During the meeting (which included myself, Donnie, and Erika Shea), we acknowledged the cogency of Mayor Morgan’s argument with respect to equalization. But all parties were able to agree that, while equalization fairness is perhaps necessary, it is not sufficient. We therefore can’t afford to pursue it at the exclusion of immigration and diversity, arts and culture, student life and youth engagement, environmental sustainability, and the nurturing of a business climate more conducive to small- and medium-size enterprise.

Judging from some of the responses to Donnie’s letter, the Mayor is not the only one with a blind-spot when it comes to small and varied locally-based initiatives. Many still buy into the false choice between rescue from government and rescue from big industry. Curiously, this dual rescue package is seen as the only hope by both doom and gloom pessimists and “turned the corner” optimists alike. But both offer false hope.

We need evidence-based analysis from our best and brightest, which our Mayor is. But it must be combined with innovative and practical solutions, which the equalization legal battle is not.

Instead we need our leaders to be inspired by a constructive alternative vision, like the kind Fr Jimmy Tompkins and Fr Moses Coady sought to establish during the Antigonish Movement. Leadership is tricky now just as it was then. What does it mean in a 21st-century hyperconnected world, and in a collaborative setting like the one alluded to above? And how can it help people in Cape Breton achieve Coady’s vision of becoming, as he titled his book, ‘Masters of Their Own Destiny’?

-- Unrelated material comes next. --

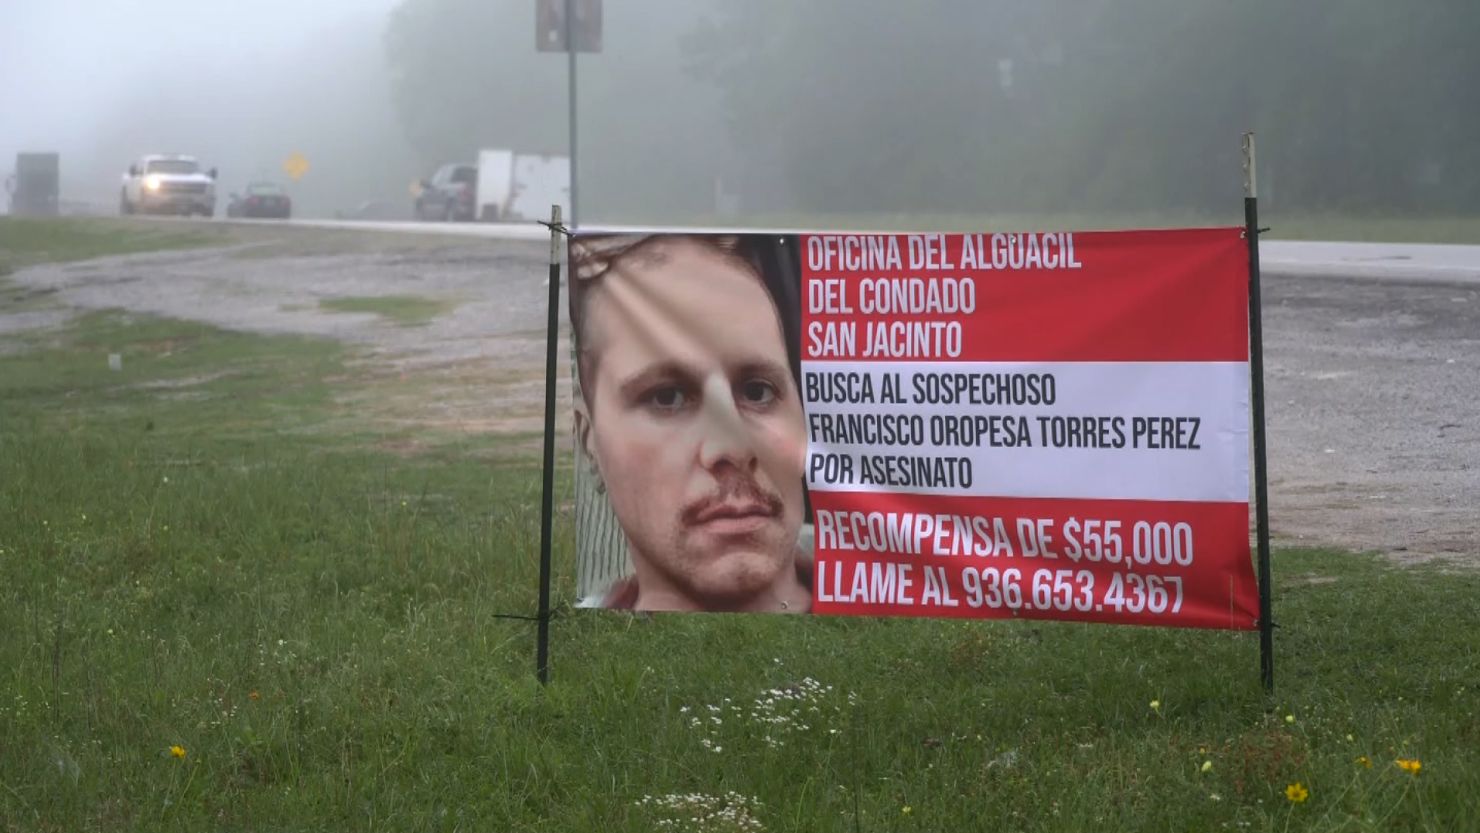 A sign in Spanish shows an image of shooting suspect Francisco Oropesa in Cleveland, Texas, where five people were killed last week.

Whatever shape it takes, collaborative community-based leadership requires of us that we educate ourselves and organize ourselves. A well known example of the Antigonish Movement’s effort to educate and organize was the People’s School, established in 1921 at St Francis Xavier University. Its goals were, I believe, ones we can identify with today, almost a hundred years later:

  • to deal pragmatically and head-on with the challenges facing Cape Breton;
  • to liberate, and put to good use, the creative energies of the people; and
  • to inspire them to work together for their common good.

This is not an argument for pulling ourselves up by our bootstraps. CBRM, like every municipality in Canada, has three levels of government, all of which must work together to achieve sustainable prosperity. But an engagement with government at the local level is perhaps the best way of ensuring that the community leads in determining its future.

So roll up your sleeves. There’s a new conversation to be had.

IDEAS: Powered By Passion

I was honoured to be invited to kick off the 2011 season of IDEAS: Powered By Passion series, put on by New Dawn. Modelled as Cape Breton’s version of the TED talks, the events “aim to encourage new thinking through speech and music, by uncovering the passions of our people through the sharing of their stories.”

The series began last year and while purposely flying under the radar nonetheless attracted a sizeable and loyal following with the likes of speeches from Tom Urbaniak, Jim Mustard, Chris Milburn, Annette Wolf, Joella Foulds, Jeanette MacDonald and Gary Walsh.

Marcie MacKay led off the evening with a note-perfect presentation on the ABCS of Building Neighbourhoods, a project focused on improving developmental assets in the community; and Carolyn Lionais delivered her unique blend of hilarious sonic soul-searching.